» **Data extract**
★ ★ ★ ★ ★

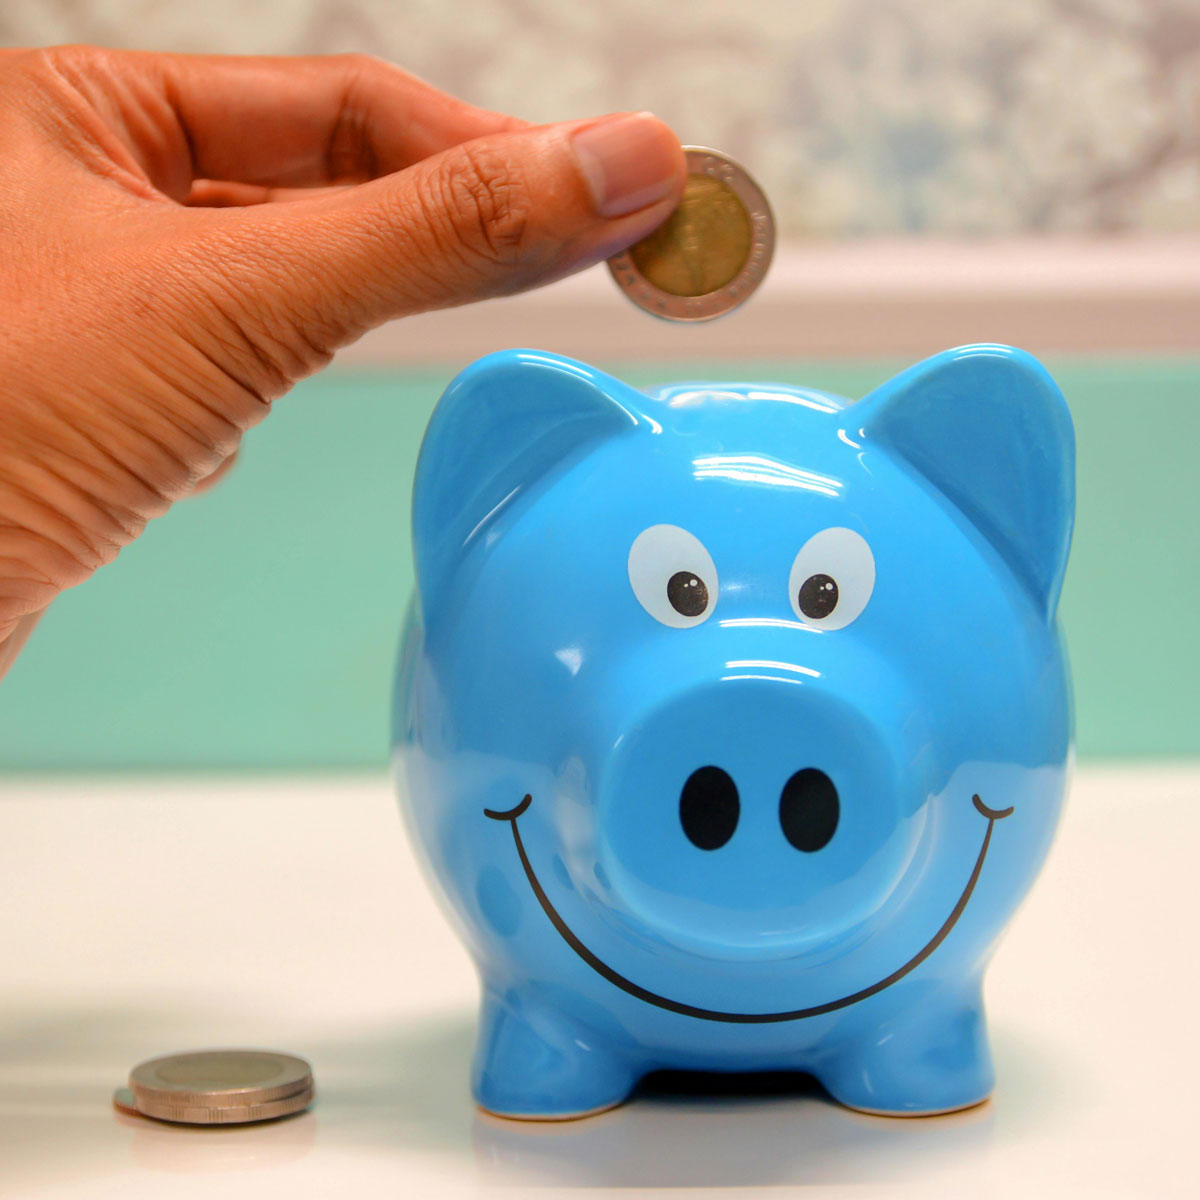 מחשב נייד זול - תמונה של יד משלשלת מטבע לקופת חיסכון כחולה בצורת חזיר
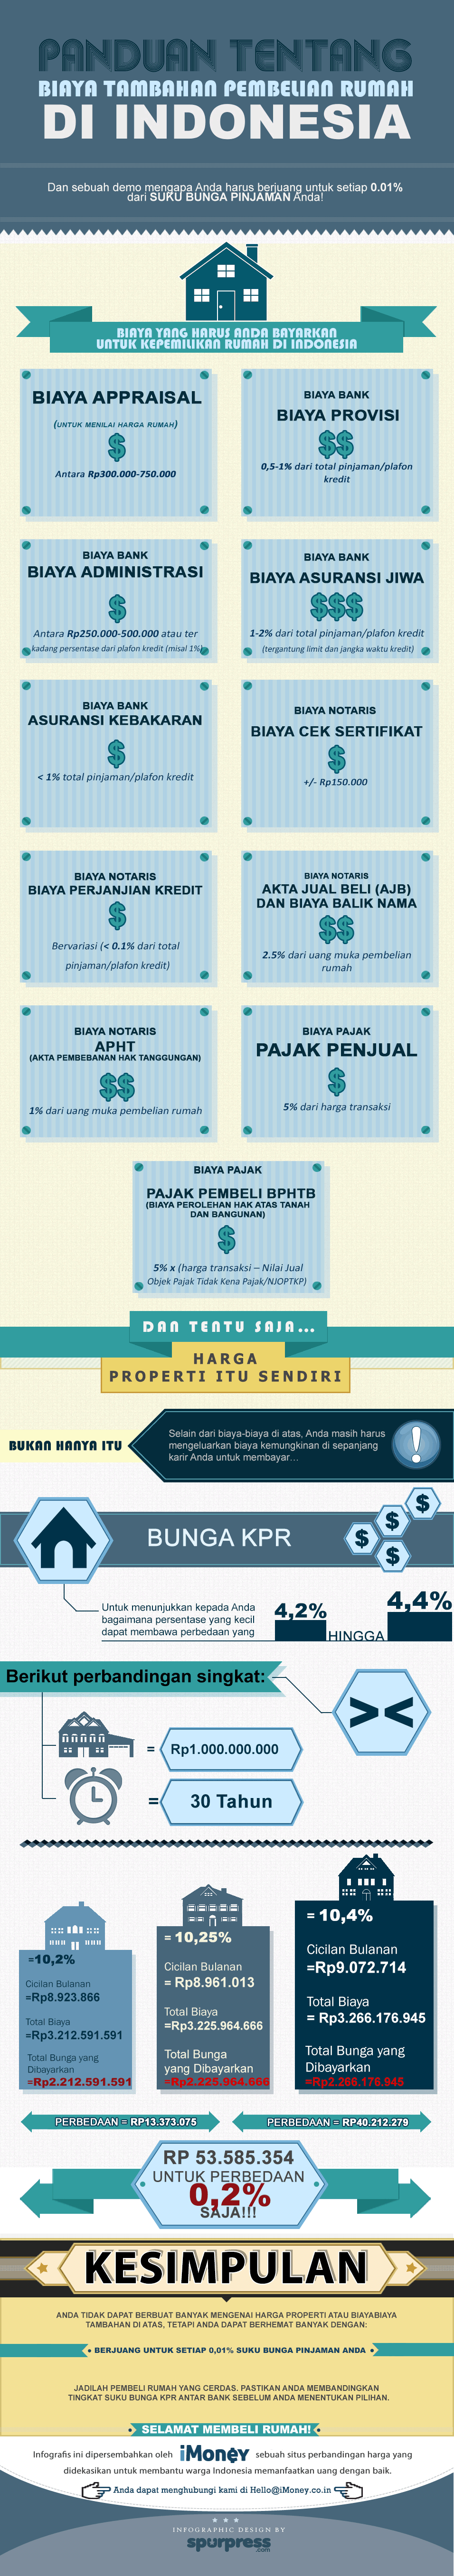 Panduan Tentang Biaya Tambahan Pembelian Rumah Di Indonesia Infographic
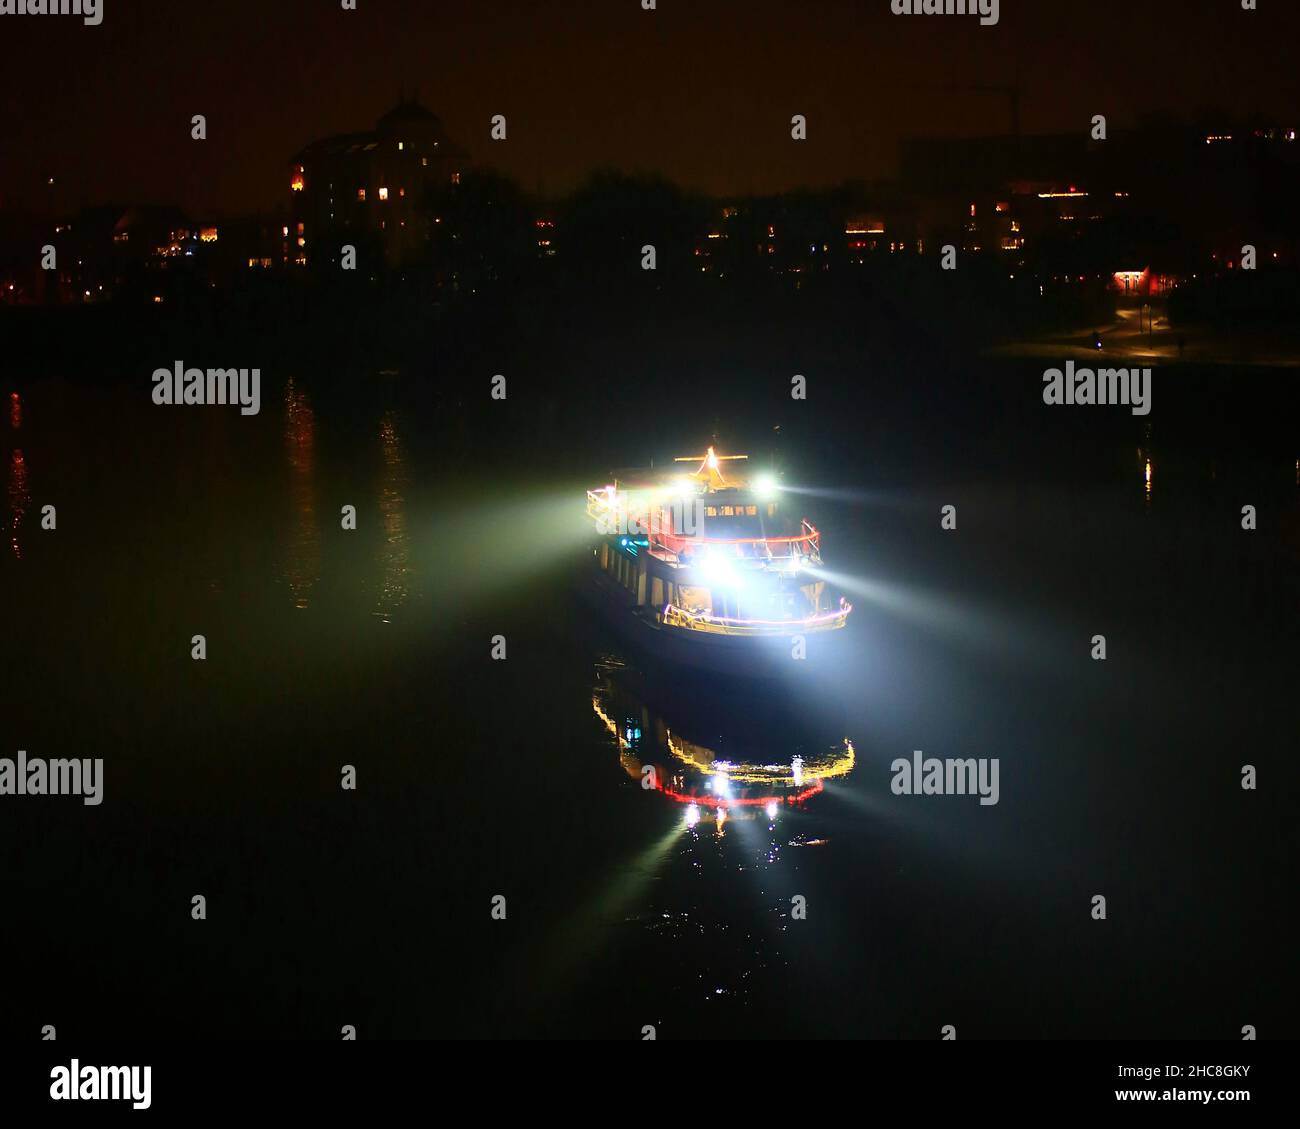 Petit bateau sur une rivière avec des lumières de recherche et d'illumination dans la nuit. Banque D'Images
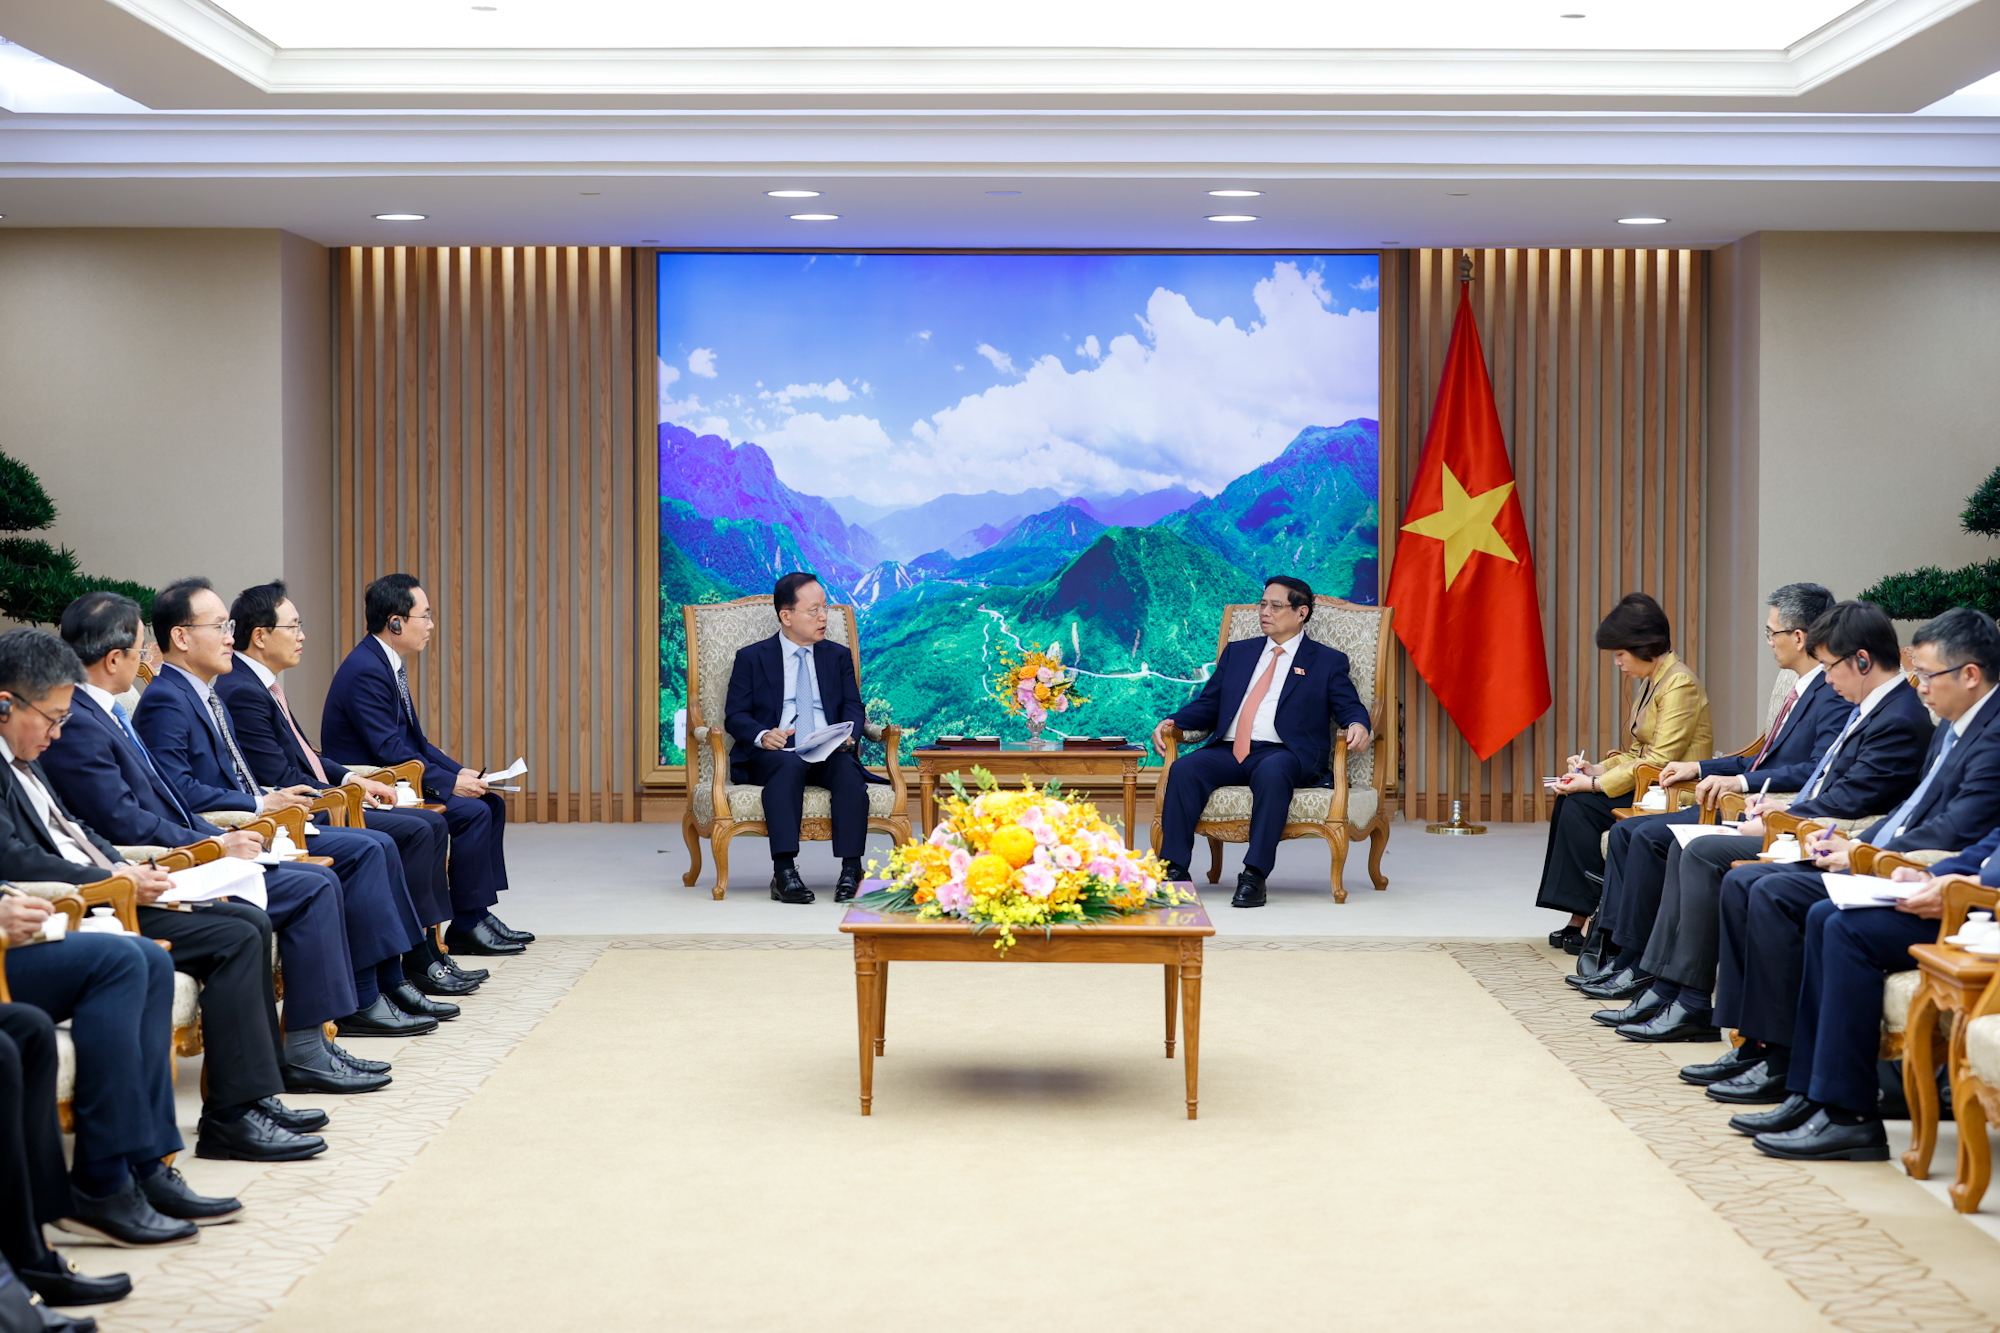 Tổng Giám đốc Park Hark Kyu: Samsung cam kết sẽ luôn đồng hành với Việt Nam, nỗ lực hết sức nhằm đóng góp vào sự phát triển kinh tế-xã hội của Việt Nam - Ảnh: VGP/Nhật Bắc

★ ★ ★ ★ ★

Repeat exactly and only the lines from the start of the data above through the line that holds "Petit bateau sur", inclusive. Pictures do not belong in the copy.

 מחשב נייד זול - תמונה של יד משלשלת מטבע לקופת חיסכון כחולה בצורת חזיר
 Panduan Tentang Biaya Tambahan Pembelian Rumah Di Indonesia Infographic
 Petit bateau sur une rivière avec des lumières de recherche et d'illumination dans la nuit. Banque D'Images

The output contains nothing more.